- Le Progrès : du 1er avril [Loire] Le Front national n’exclut pas « d’arriver en tête au premier tour
Publié le 2 Avril 2012
(loire) – 1er avril 2012
P
olitique. Louis Aliot, le numéro 2 du FN, était hier dans la Loire. « Il y a un ras-le-bol généralisé ; on le constate tous les jours sur le terrain », a-t-il dit à ses troupes.
Calme et détendu. Même pas inquiet, Louis Alliot. Hier, au château de Magneux-Haute-Rive, en plein cœur du Forez, il est venu rencontrer les adhérents de son parti. Et faire le point, avec eux, sur la situation, à trois semaines du premier tour de la présidentielle. Et pas question de se laisser embarrasser par les sondages. Car pour lui, le baromètre de la présidentielle, c’est le terrain. « Il faut voir l’accueil que nous avons sur les marchés, dans la rue. Les retours sont très bons. Les gens nous parlent naturellement », explique la présidente départementale, Sophie Robert. Comme si le FN était devenu un parti presque comme les autres.
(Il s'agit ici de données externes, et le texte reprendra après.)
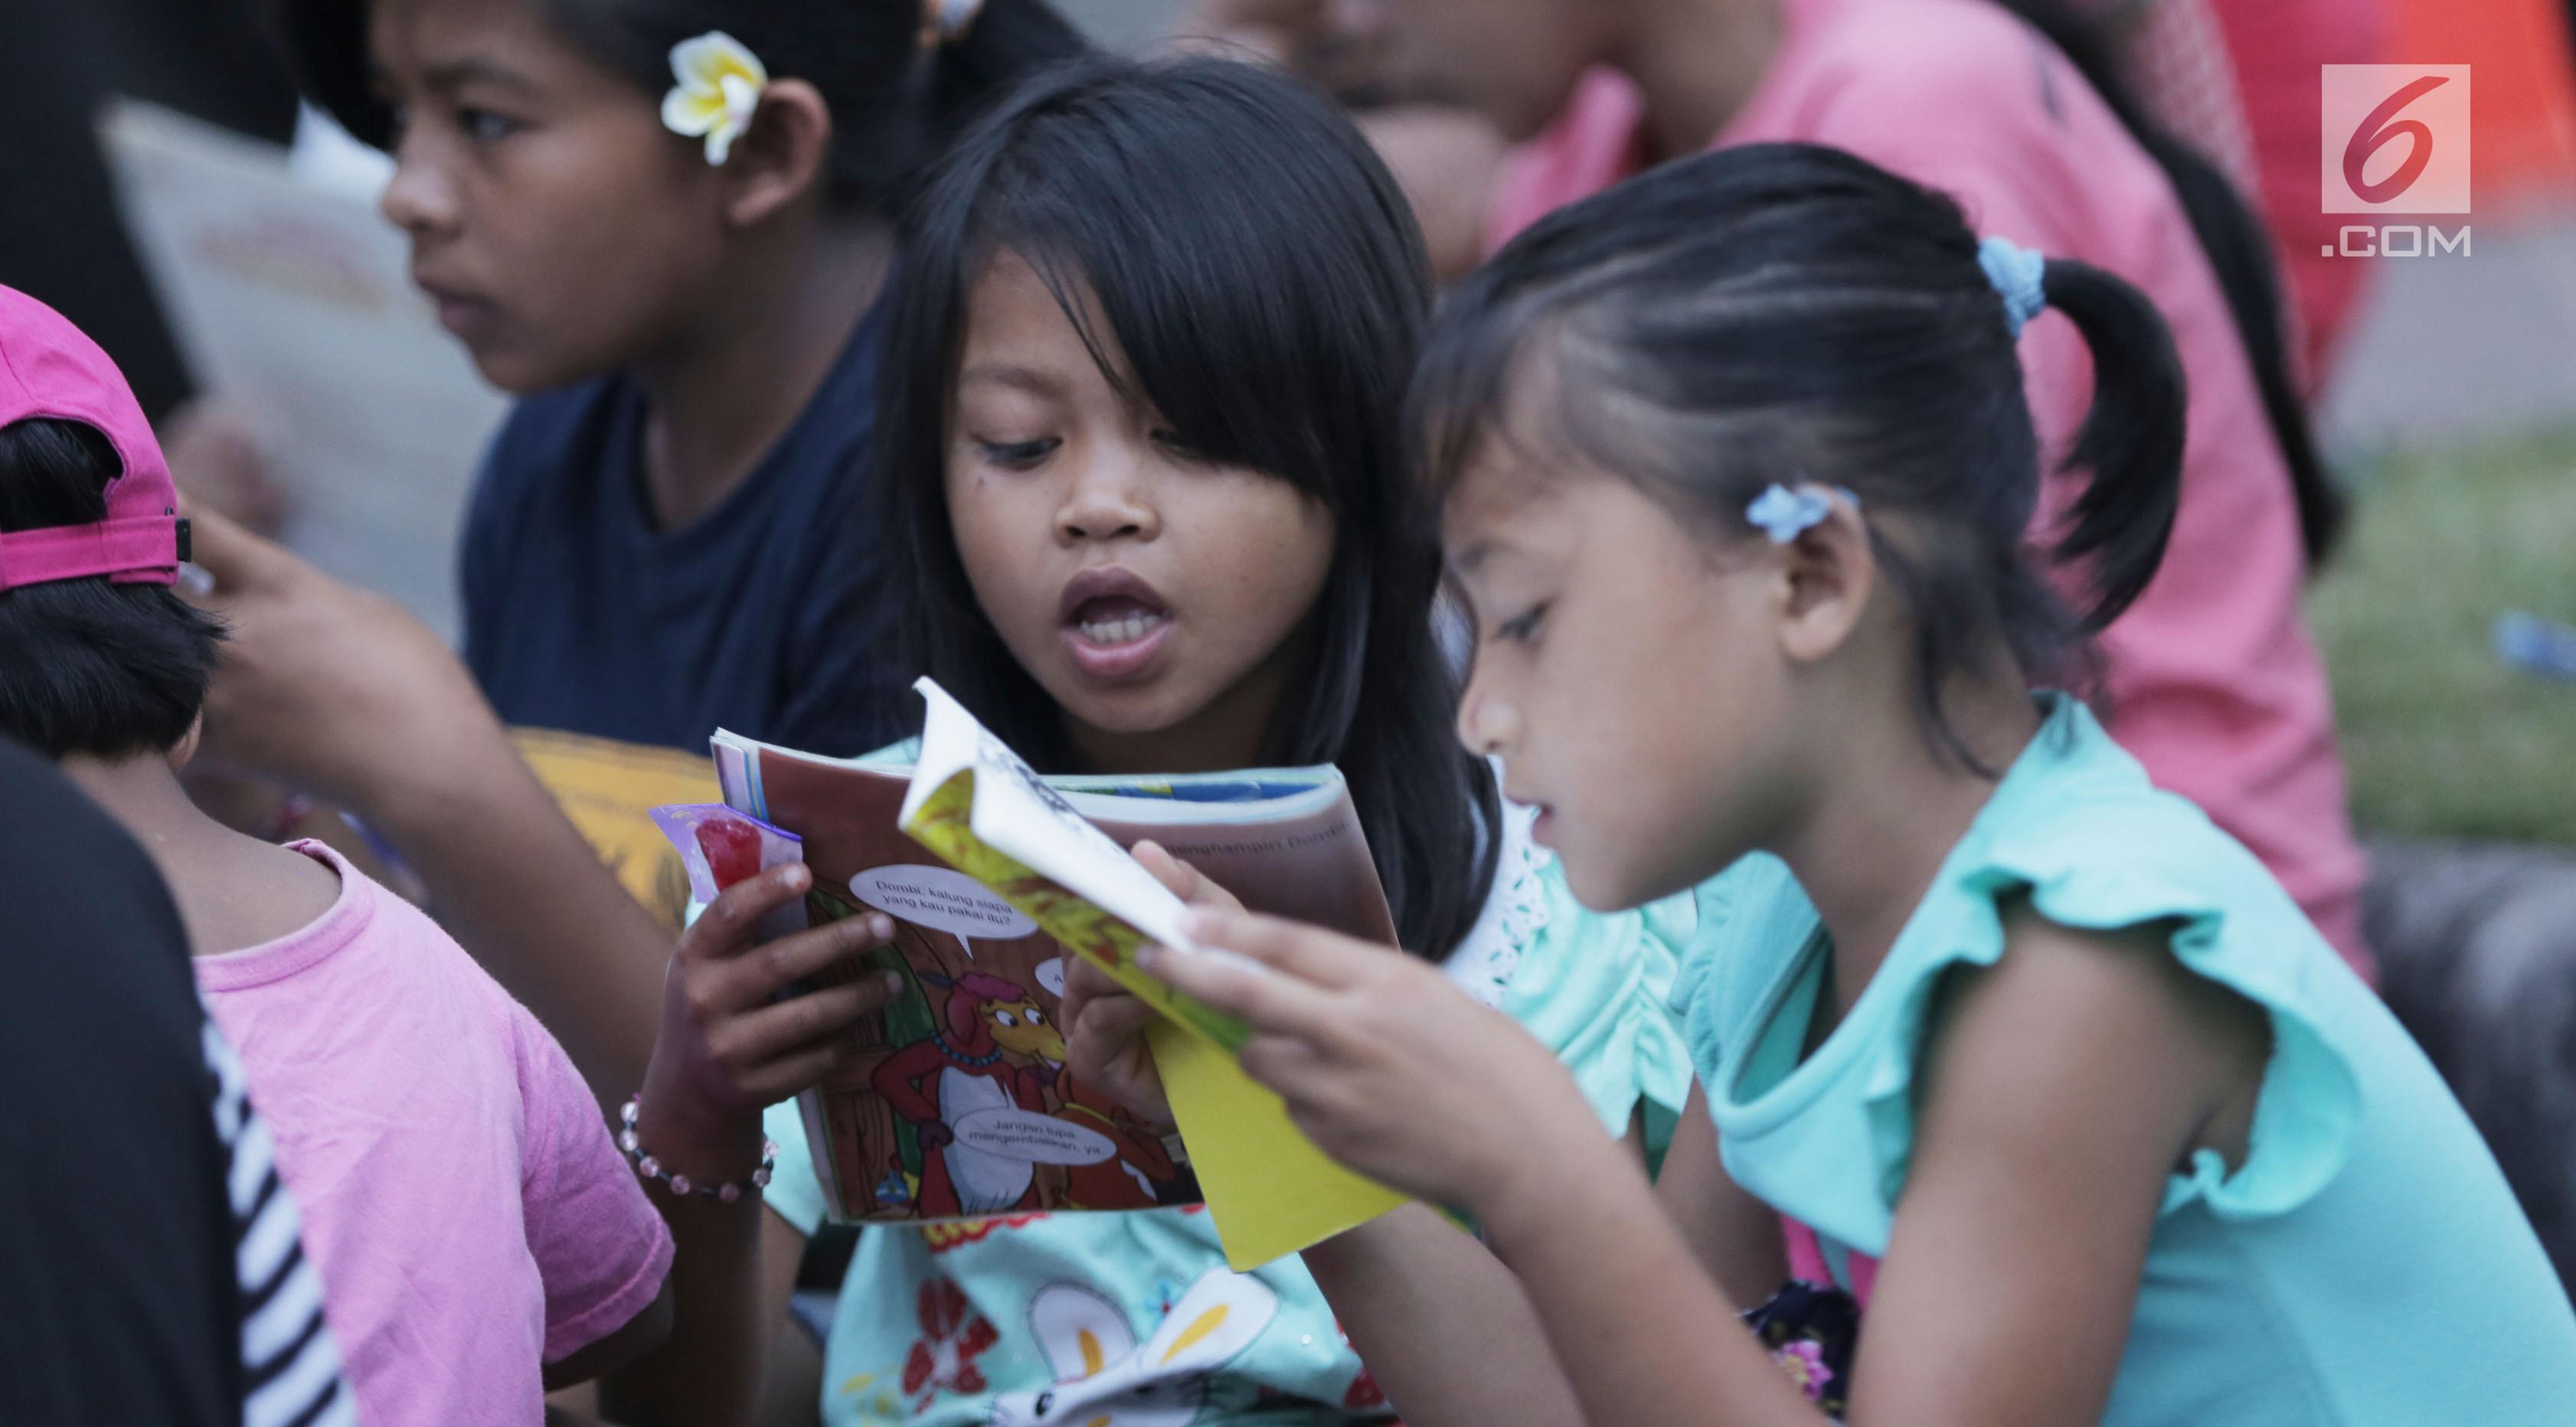 Sejumlah anak membaca buku di mobil Perpustakaan Keliling Dinas Perpustakaan dan Arsip Daerah Kabupaten Klungkung di lokasi pengungsian korban evakuasi Gunung Agung, Klungkung, Bali, Sabtu (30/09). (Liputan6.com/Gempur M Surya)

Décomplexé.
« Les gens en ont ras le bol du mensonge, de l’insécurité, de l’immigration, de ne plus pouvoir boucler leurs fins de mois et de ce qu’ils vivent au quotidien », affirme Louis Alliot.
Cette élection lui rappelle celle de 2002
« Tout s’était joué les derniers jours et les courbes avec Jospin s’étaient croisées la dernière semaine », rappelle Louis Aliot, qui ne voit pas « pourquoi Sarkozy ferait mieux cette fois-ci qu’il y a cinq ans ».
Alors, au FN, on se prend à rêver, à y croire… Et quand on interroge Louis Aliot sur le score que son parti pourrait faire au soir du 22 avril, il n’exclut pas d’arriver en tête au premier tour, sans trop oser le dire : « Ce serait un très beau signe pour la France ».
Même si, pour l’instant, c’est bien Jean-Luc Mélenchon qui occupe le devant de la scène. « Quand je vois le drapeau soviétique qui flotte dans ses meetings, je vois le drapeau nazi », lance Louis Aliot, qui revient aux fondamentaux du FN, avec, dernière proposition en date, le retour du service militaire obligatoire pour tous les jeunes. « L’idée, c’est de faire prendre conscience à la jeunesse qu’elle a des devoirs envers la France. C’est un investissement pour l’avenir », explique M. Alliot. Et d’ajouter : « Si le service militaire était encore en place, nous n’aurions peut-être pas eu ce qui est arrivé à Toulouse ».
Hier, à Magneux-Haute-Rive, Louis Aliot a donné une image décomplexée du FN, loin des vieux démons qui ont hanté le parti. Sans agressivité. Sans haine. Parlant tantôt de sécurité « avec une tolérance zéro », tantôt d’enseignement avec le retour de l’histoire de France dans les programmes, mais aussi et surtout de la discipline à l’école. Sarkozy ne semble plus être sa préoccupation : « Comment voulez-vous qu’il fasse 30 %. En 2007, c’était un produit nouveau ». Quant à Hollande, « il nous ferait presque regretter Ségolène ! » De quoi rebooster les équipes du FN avant la venue de Marine Le Pen samedi à Lyon. Une candidate qui pourrait peut-être faire un détour par la Loire avant le 22 avril.